## Activity
An exact restatement of the data below, with the pictures removed, is the required answer.

## Raw data
▽

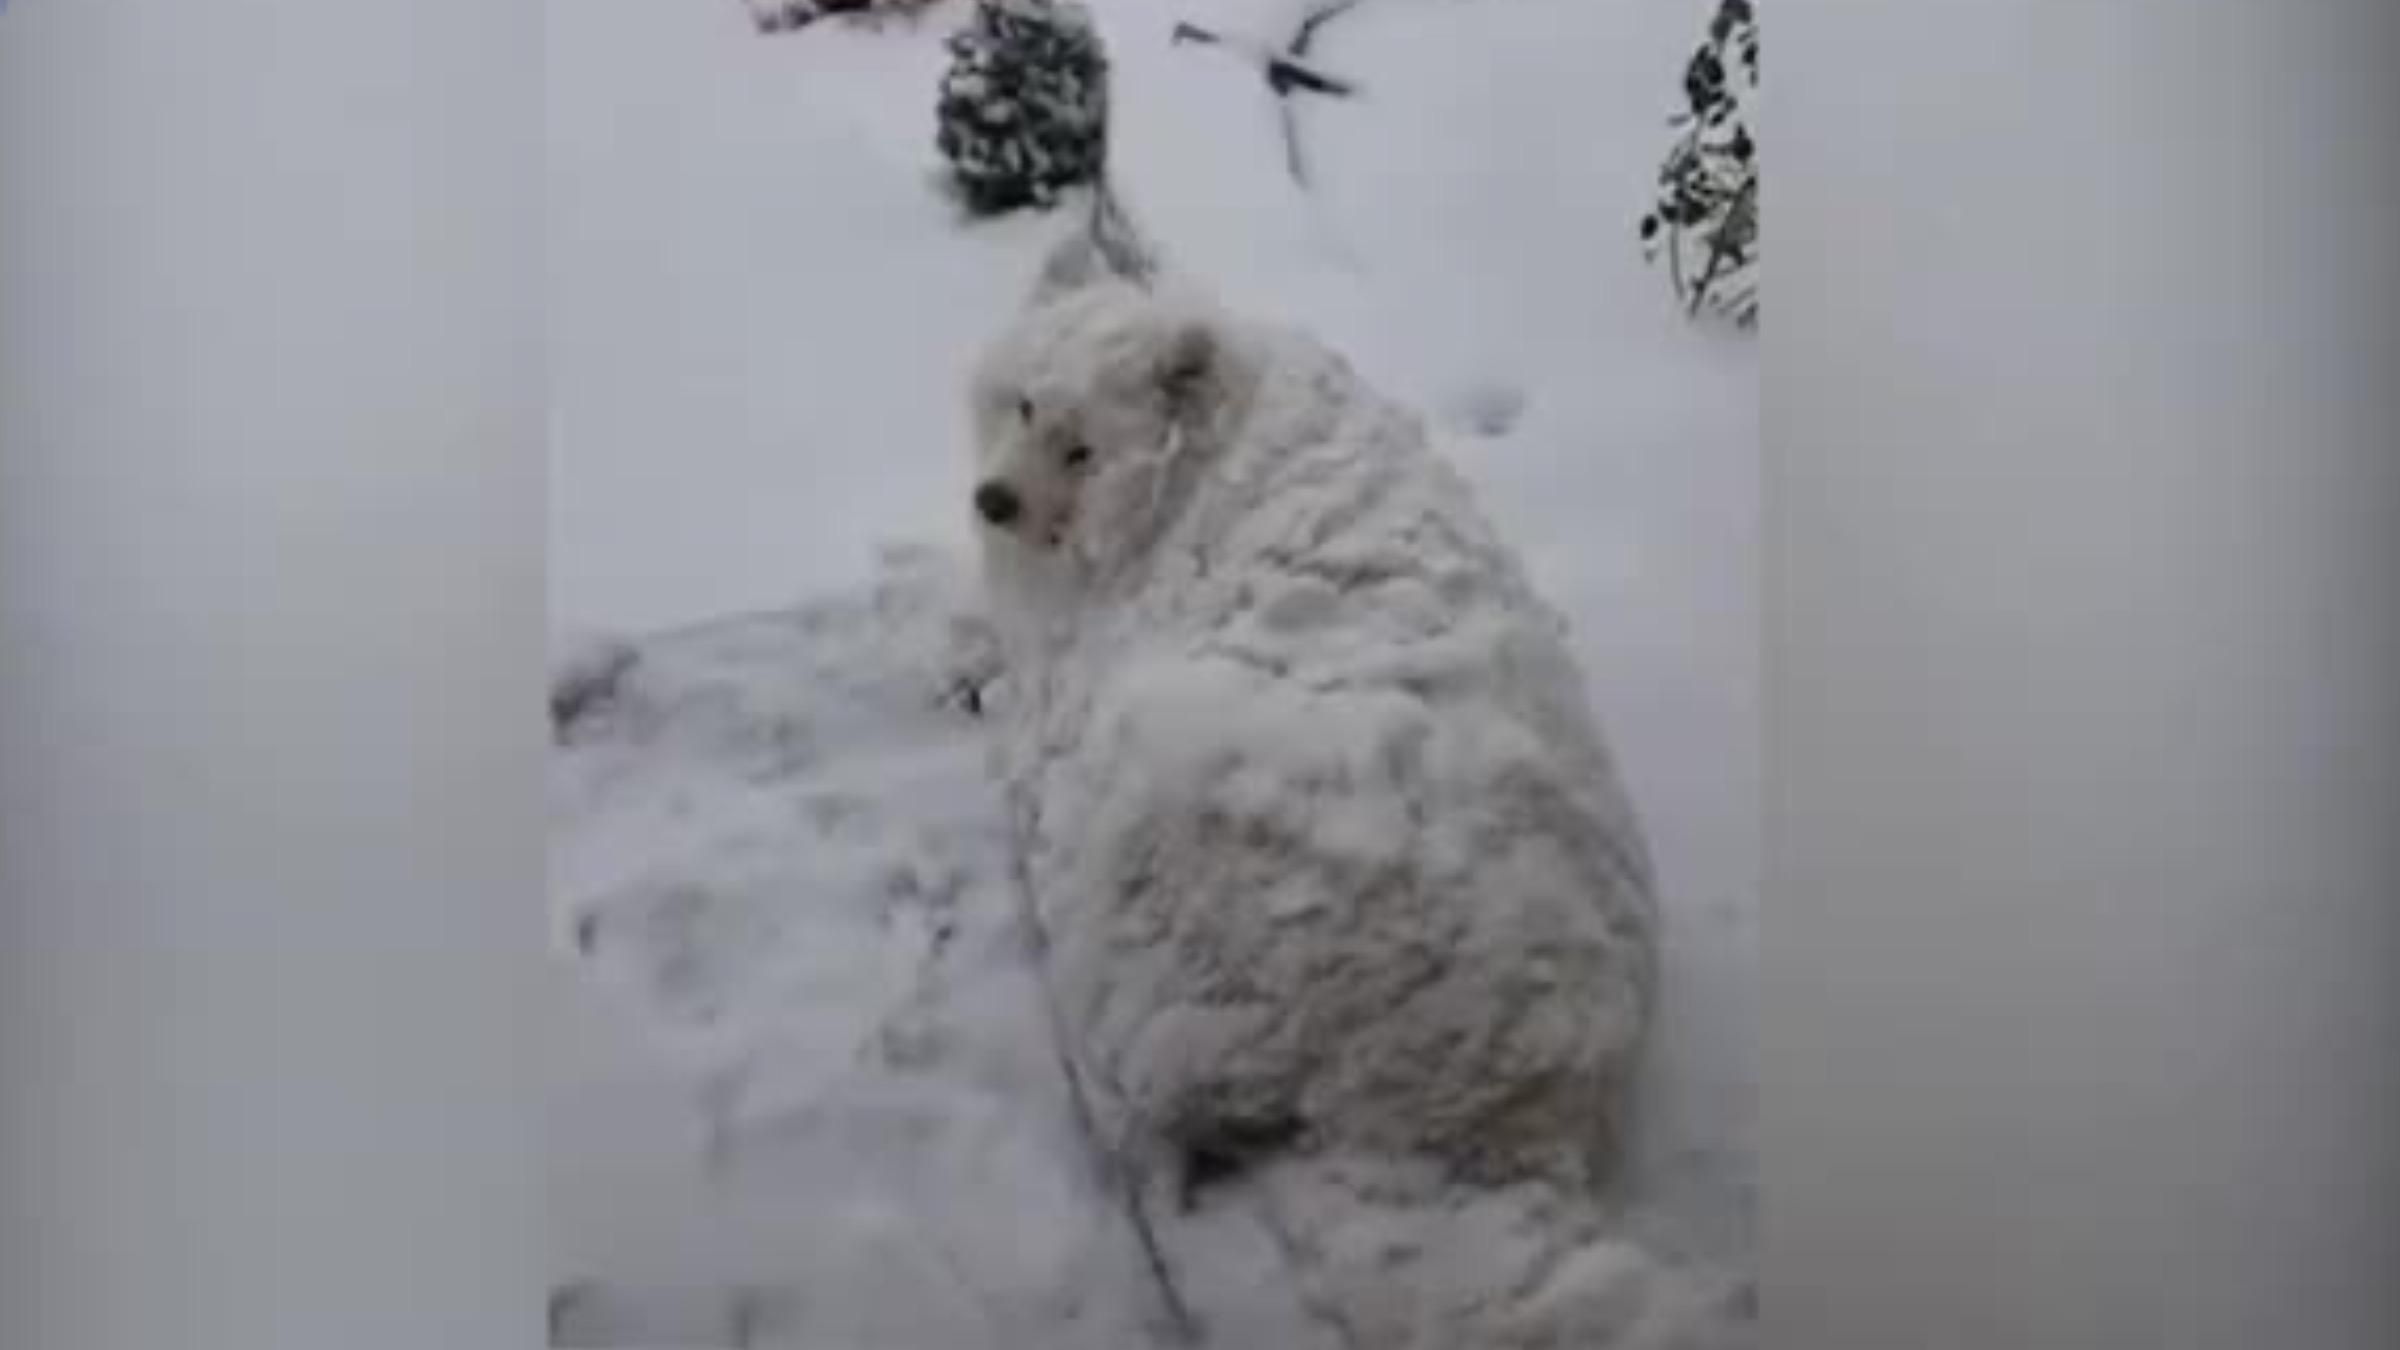 Стал пушистым сугробом снега: забавное видео с собакой, которая любит зиму - Pets
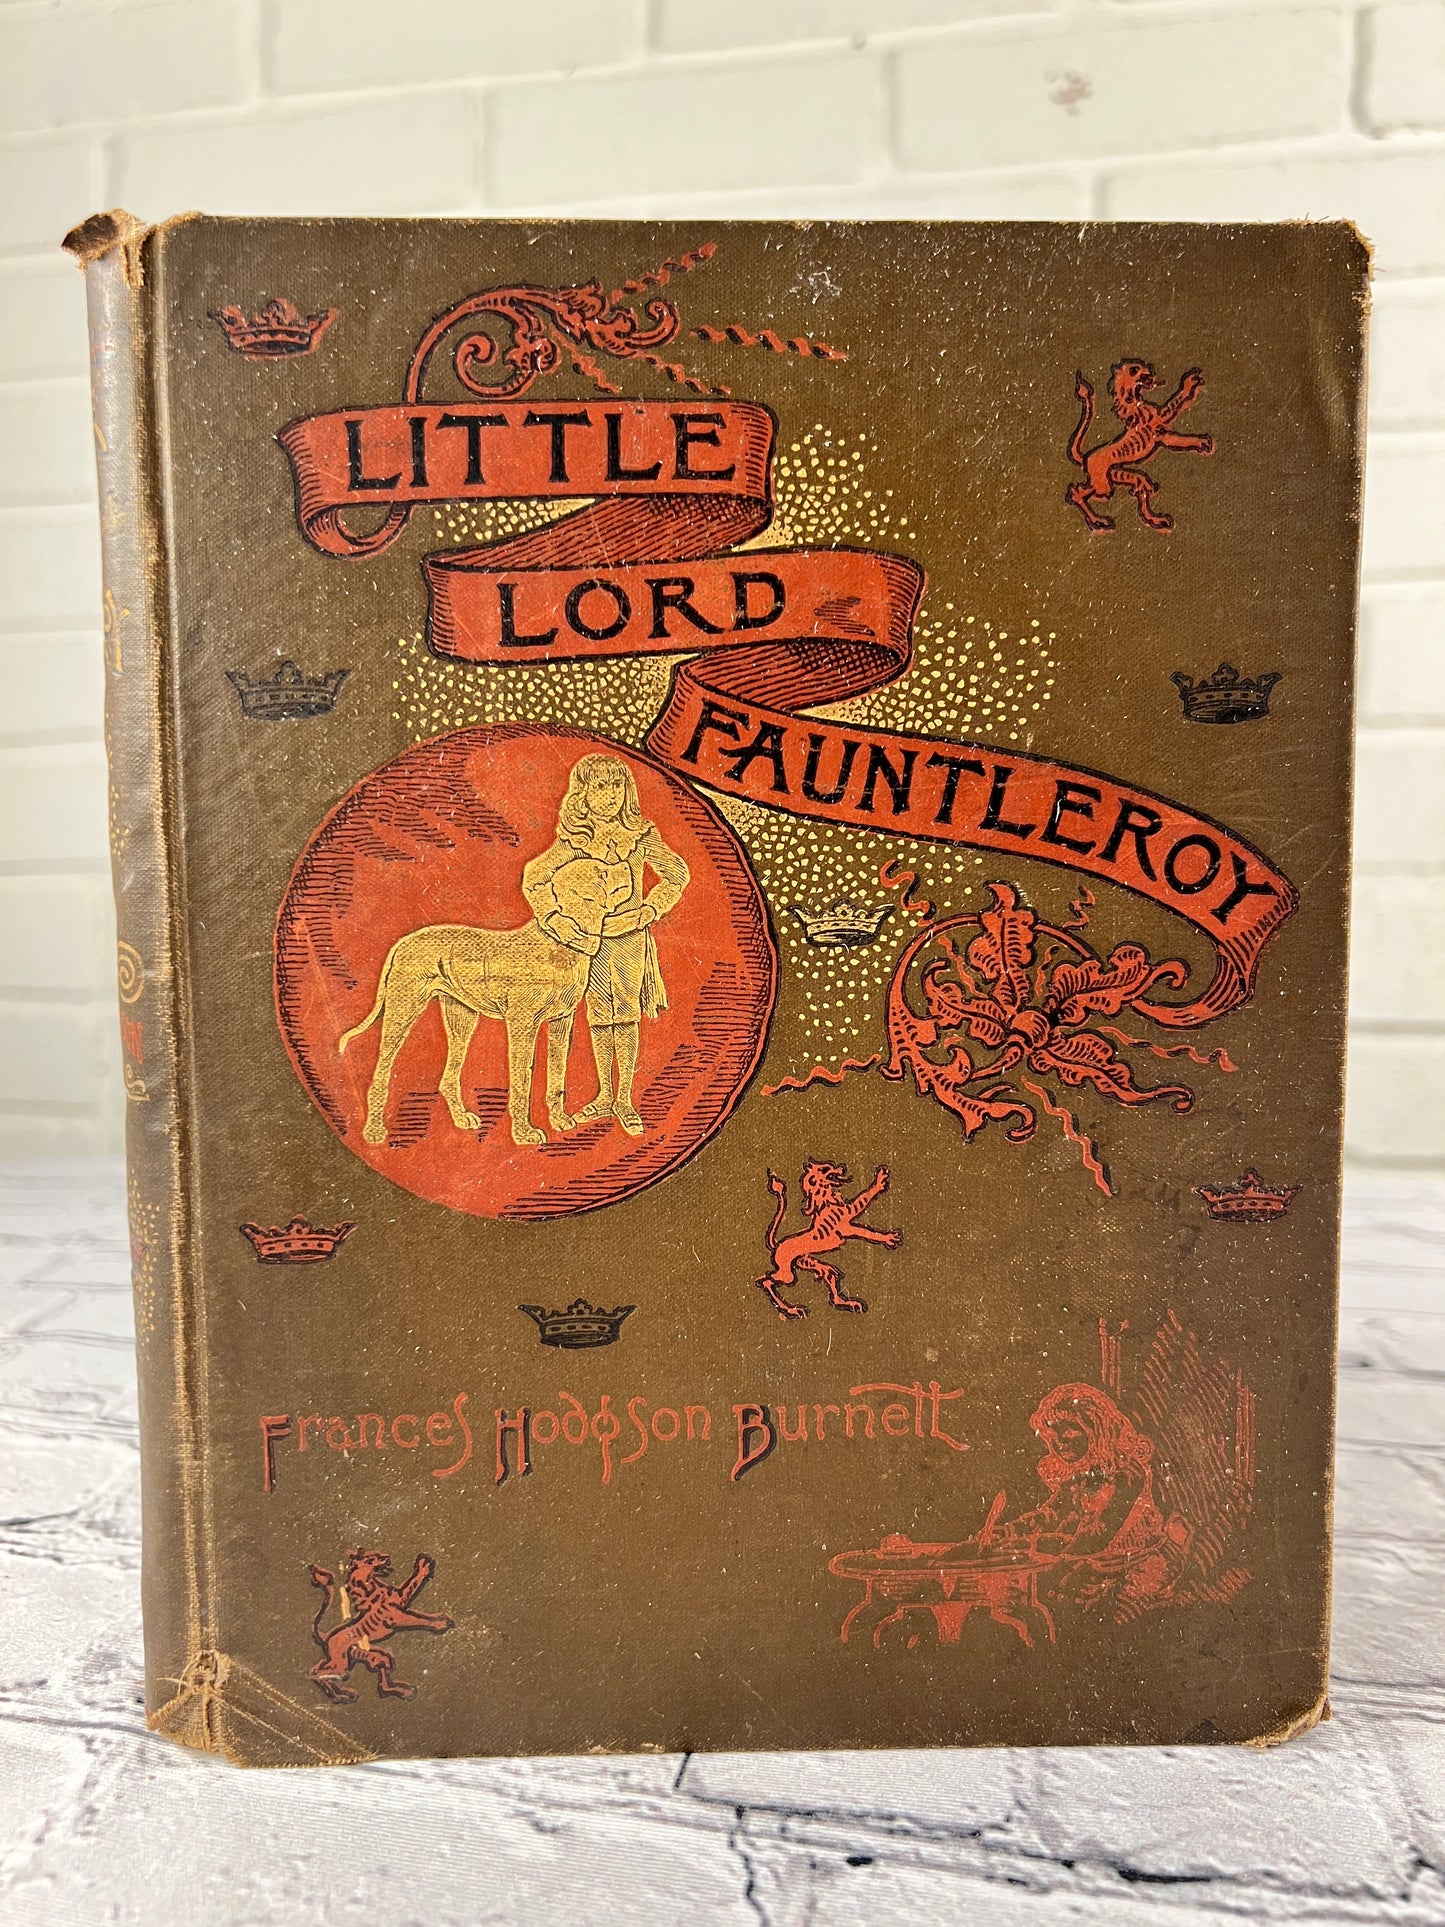 Little Lord Fantleroy by Frances Hodgson Burnett [1887]
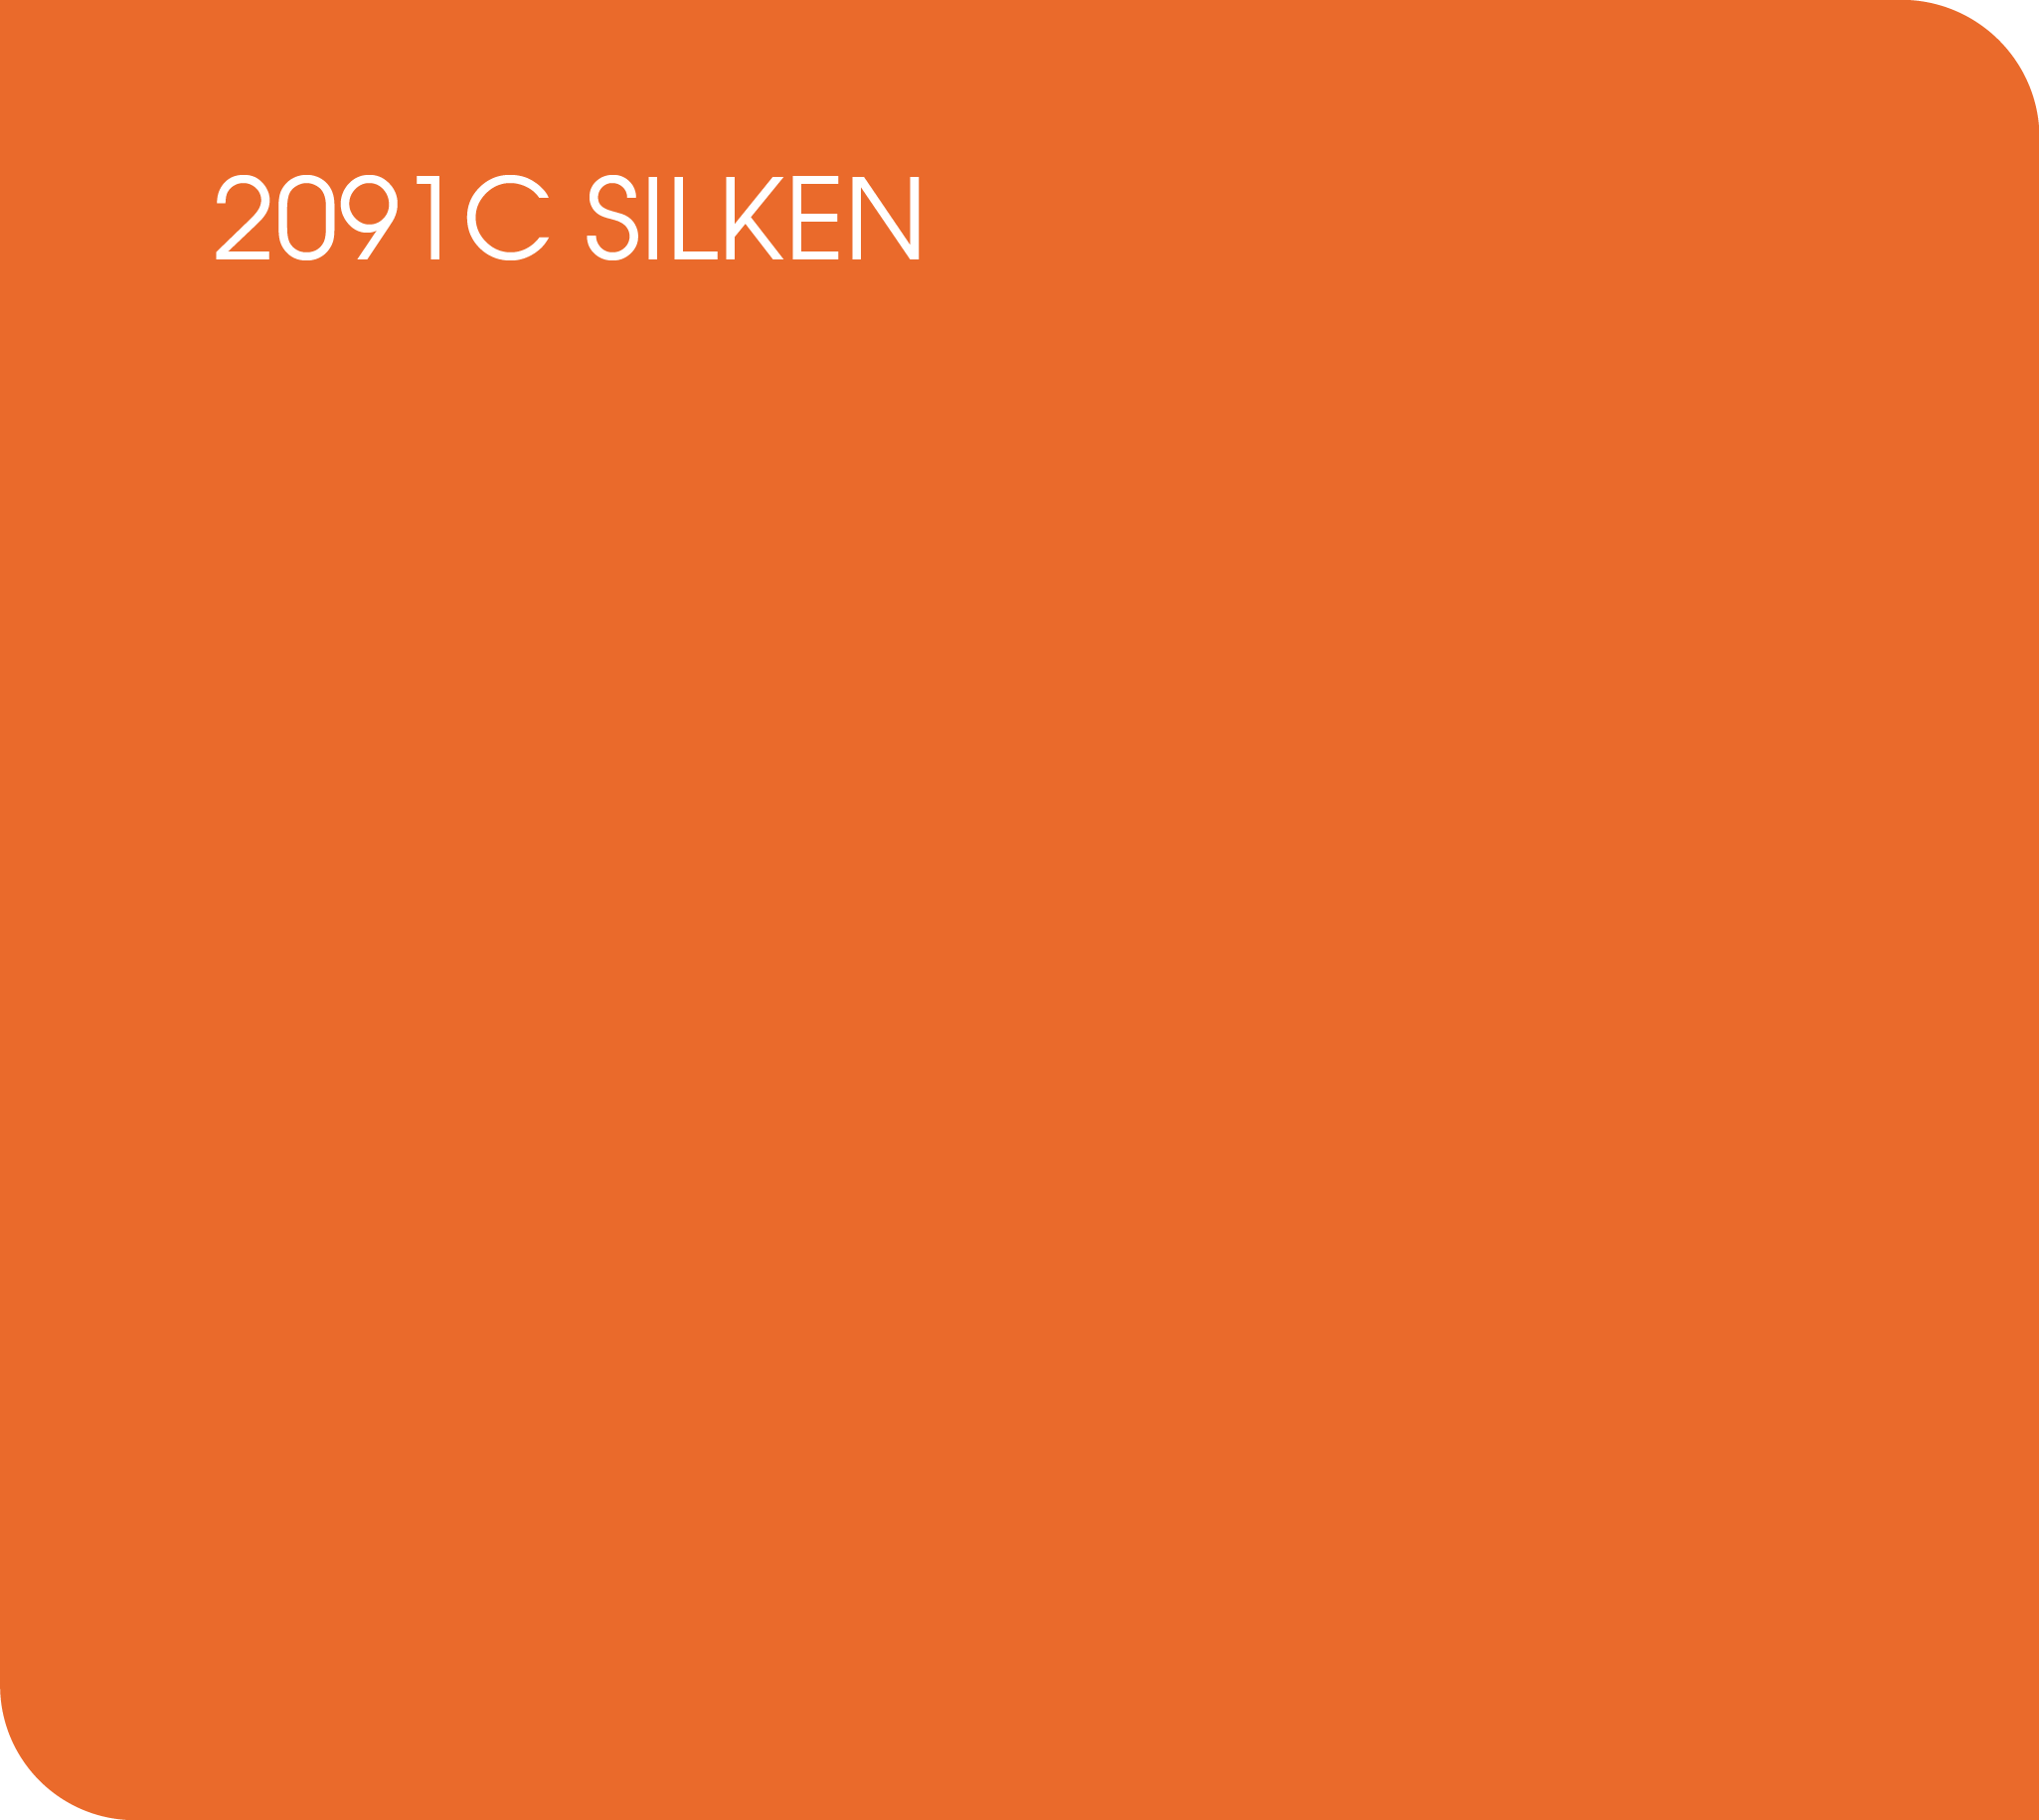 silken 2091C

△

## Task response
 Стал пушистым сугробом снега: забавное видео с собакой, которая любит зиму - Pets
 Little Lord Fantleroy by Frances Hodgson Burnett [1887]
 silken 2091C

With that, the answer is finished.